What influence has been at work since the close of the Franco-Prussian War, shutting our eyes to the certainty of that war's final issue, and debauching our minds with sentiment which had no truth to rest on? We knew that the taxes of Europe were spent on armaments, and we talked about International Arbitration. We knew that science was devotedly creating ruthless instruments of destruction, and we turned our pleased attention to the beautiful ceremonies with which the Peace Palace at The Hague was dedicated. We knew, or we might have known, that the strategic railway built by Germany to carry troops to the Belgian frontier was begun in 1904, and that the memorandum of General Schlieffen was sanctioned by the Emperor (there was no pretence of secrecy) in 1909. Yet we thought—in common with the rest of the world—that a "scrap of paper" and a plighted word would constitute protection. We knew that Germany's answer to England's proposals for a mutual reduction of navies was an increase of estimates, and a double number of dreadnoughts. Did we suppose these dreadnoughts were playthings for the Imperial nurseries?

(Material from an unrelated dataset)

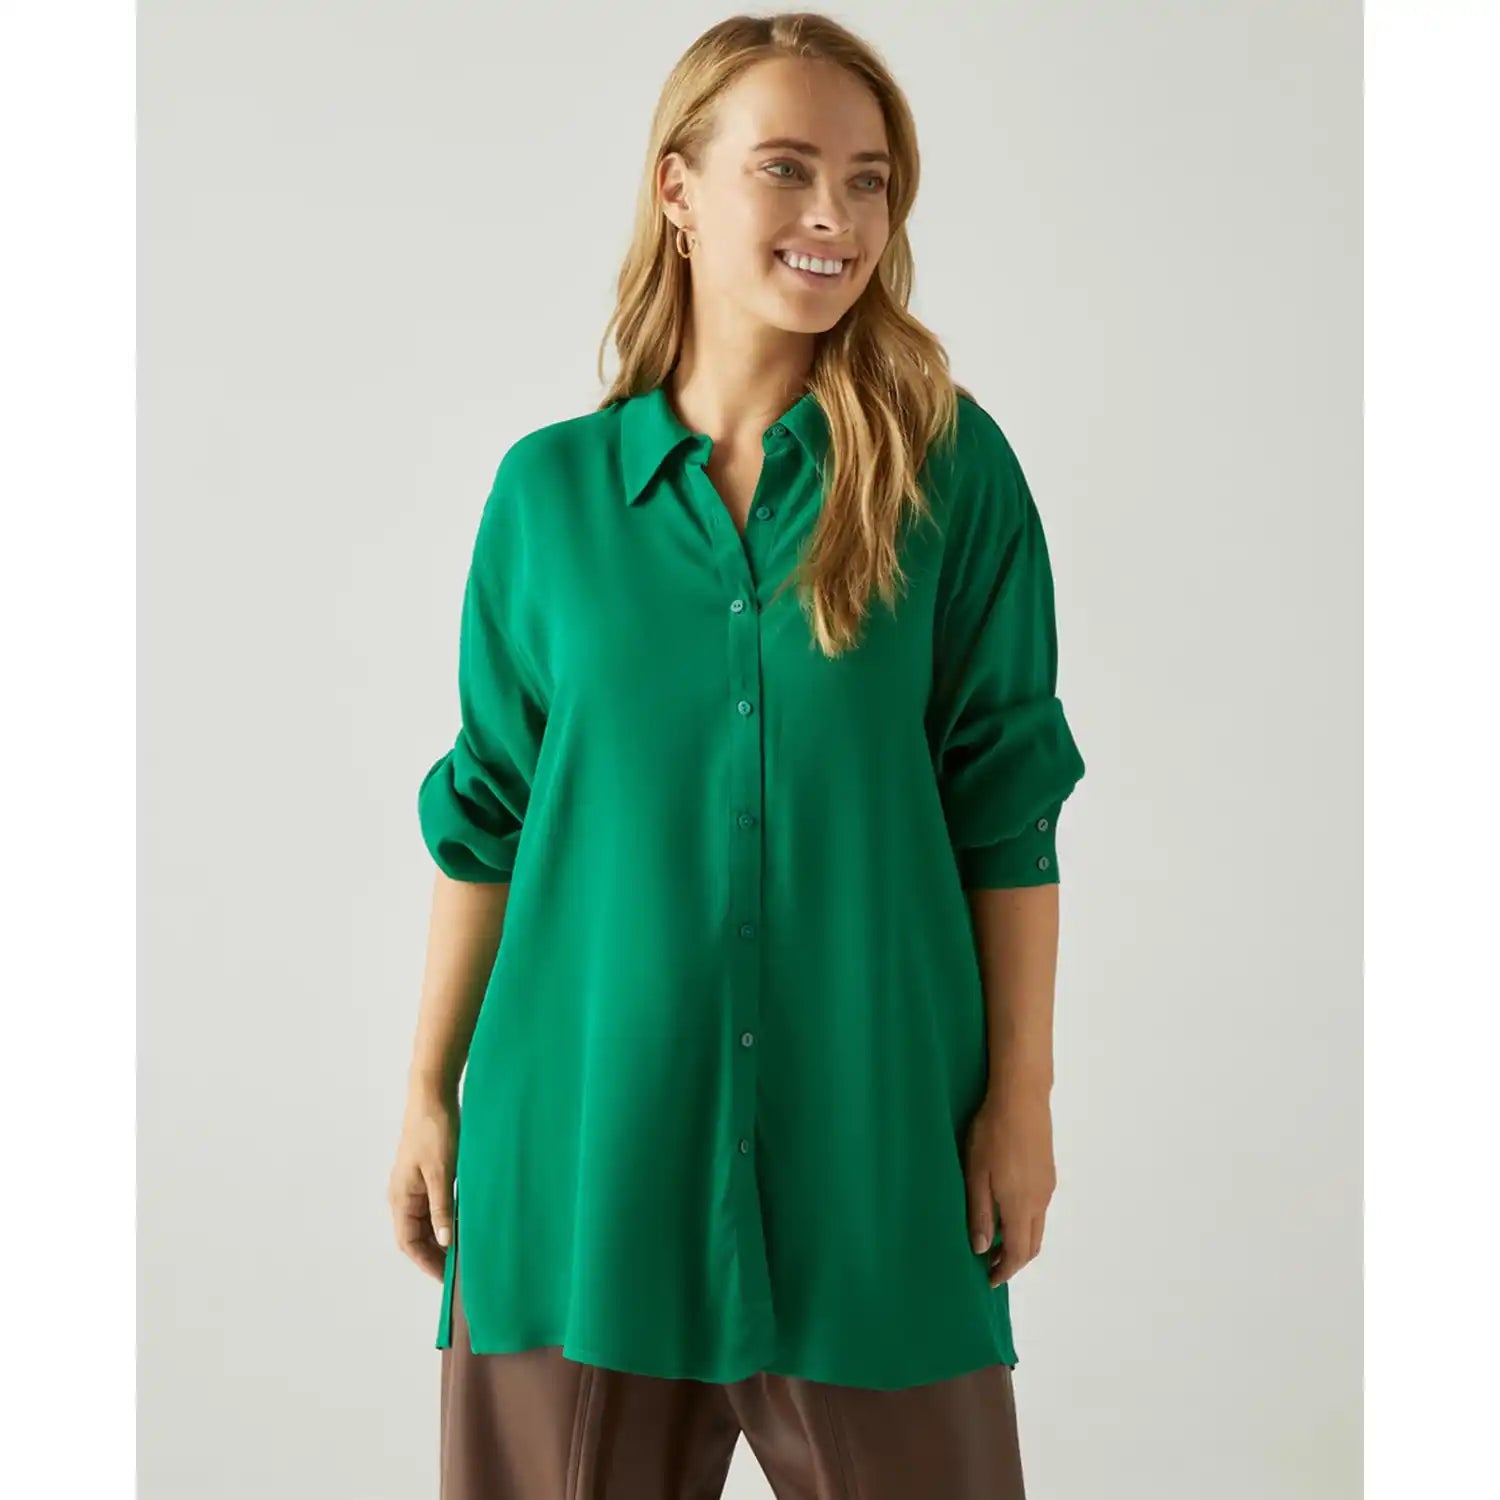 Couchel Plain Shirt - Green 1 Shaws Department Stores
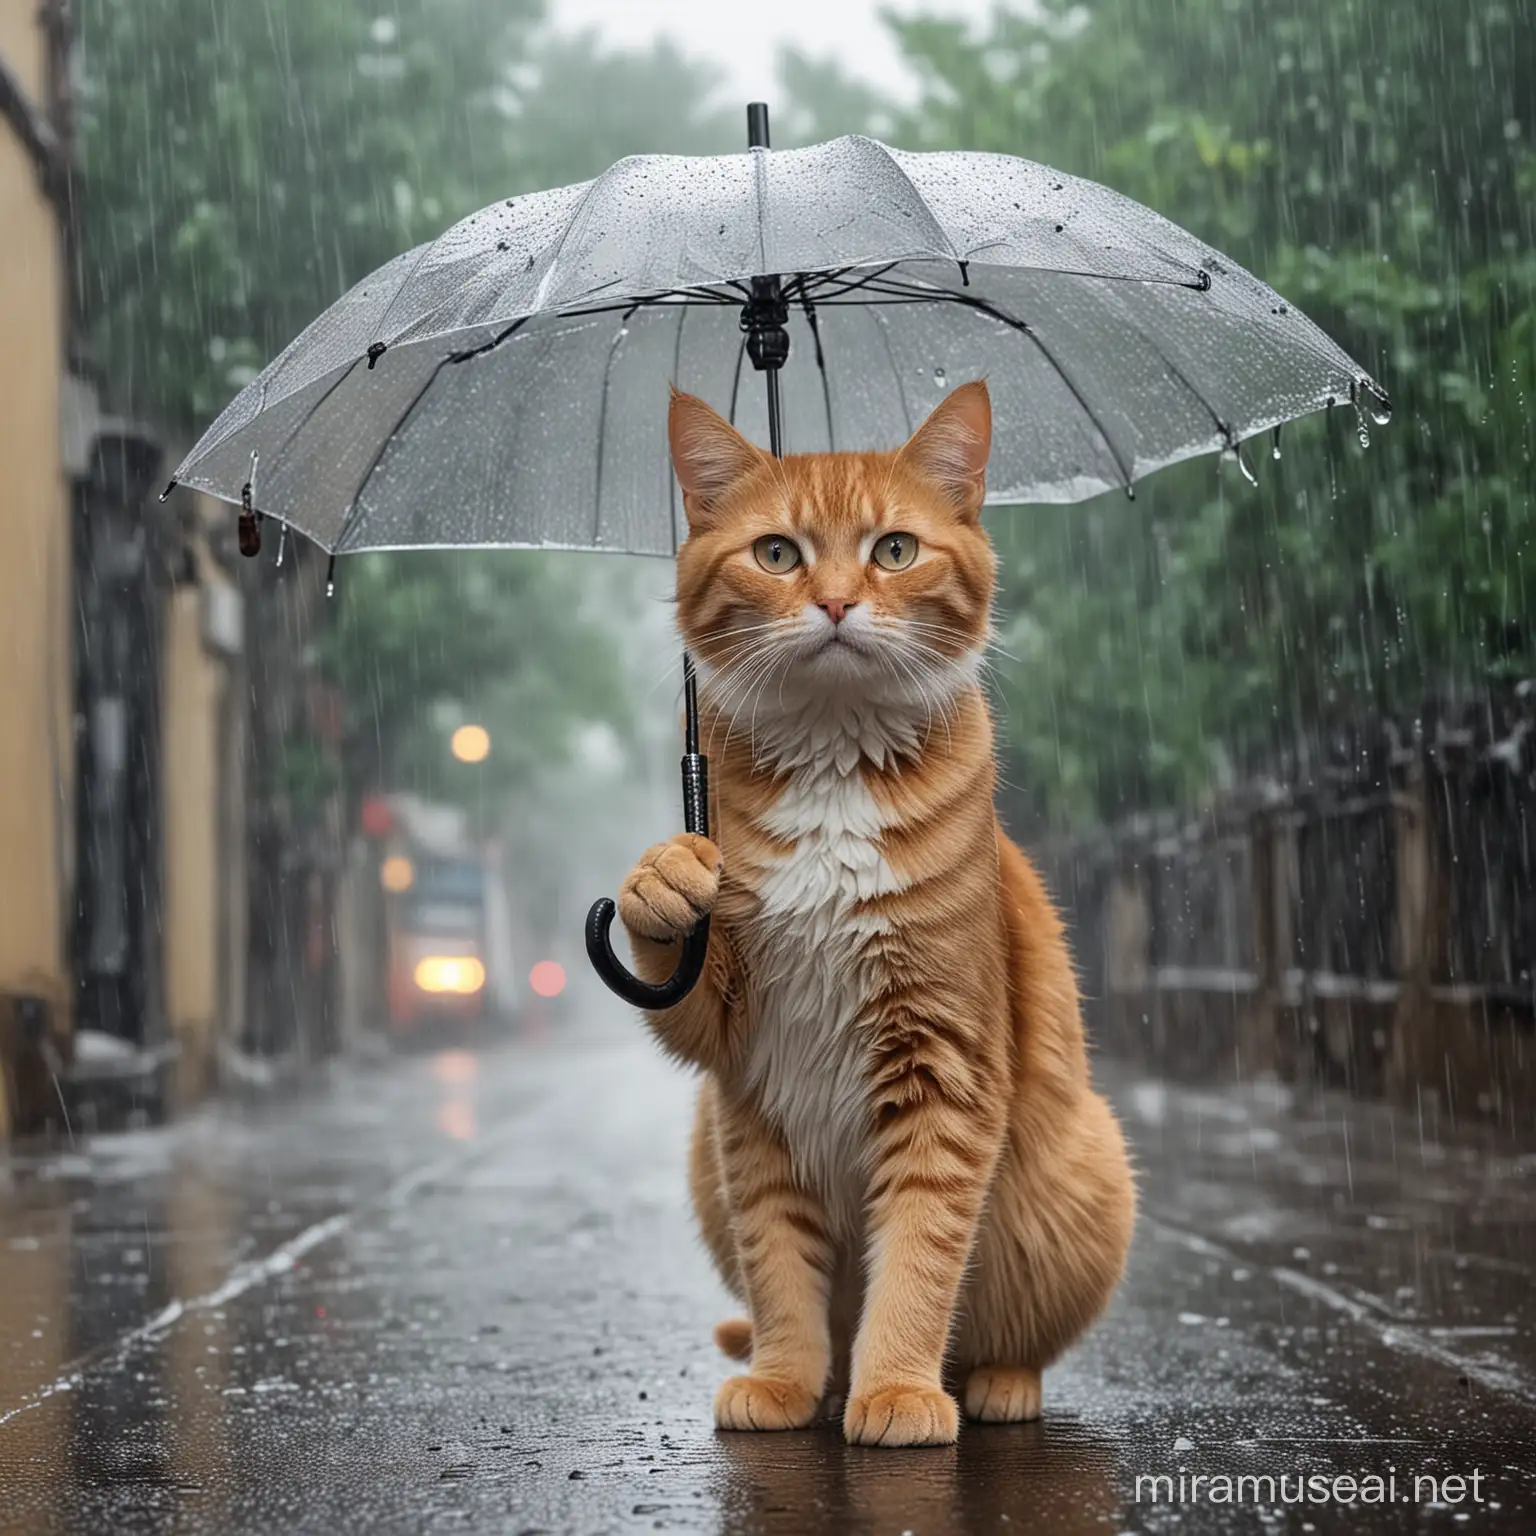 Cat Holding Umbrella in Rainy Weather

"A pretty toy," quoth she, "the Thunderer's bolt!
My urchins play with it."
When in 1911 President Taft's "message" was hailed as a prophecy of peace, Germany's reply was spoken by Bethmann-Hollweg: "The vital strength of a nation is the only measure of a nation's armaments."
And now the good people who for years have been saying that war is archaic, are reproaching Christianity for not making it impossible. Did not the "American Association for International Conciliation" issue comforting pamphlets, entitled "The Irrationality of War," and "War Practically Preventable"? That ought to have settled the matter forever. Did we not appoint a "Peace Day" for our schools, and a "Peace Sunday" for churches and Sunday schools? Did not Mr. Carnegie pay ten millions down for international peace,—and get a very poor article for his money? There were some beautiful papers read to the Peace Congress at The Hague, just twelve months before Europe was in flames; and there is the report of a commission of inquiry which the "World Peace Foundation," formerly the "International School of Peace," informed us three years ago was "a great advance toward assured peaceful relations between nations."
With this sea of sentiment billowing about us, and with Nobel prizes dropping like gentle rain from Heaven upon thirsty peace-lovers, how should we read the signs of war, written in the language of artillery? It is true that President Nicholas Murray Butler, speaking in behalf of the Carnegie Peace Foundation, observed musingly in November, 1913, that there was no visible interest displayed by any foreign government, or by any responsible foreign statesman, in the preparations for the Third Hague Conference, scheduled for 1915; but this was not a matter for concern. It was more interesting to read about the photographs of "educated and humane men and women," which the "World Conference for Promoting Concord between all Divisions of Mankind" (a title that leaves nothing, save grammar, to be desired) proposed collecting in a vast and honoured album for the edification of the peaceful earth.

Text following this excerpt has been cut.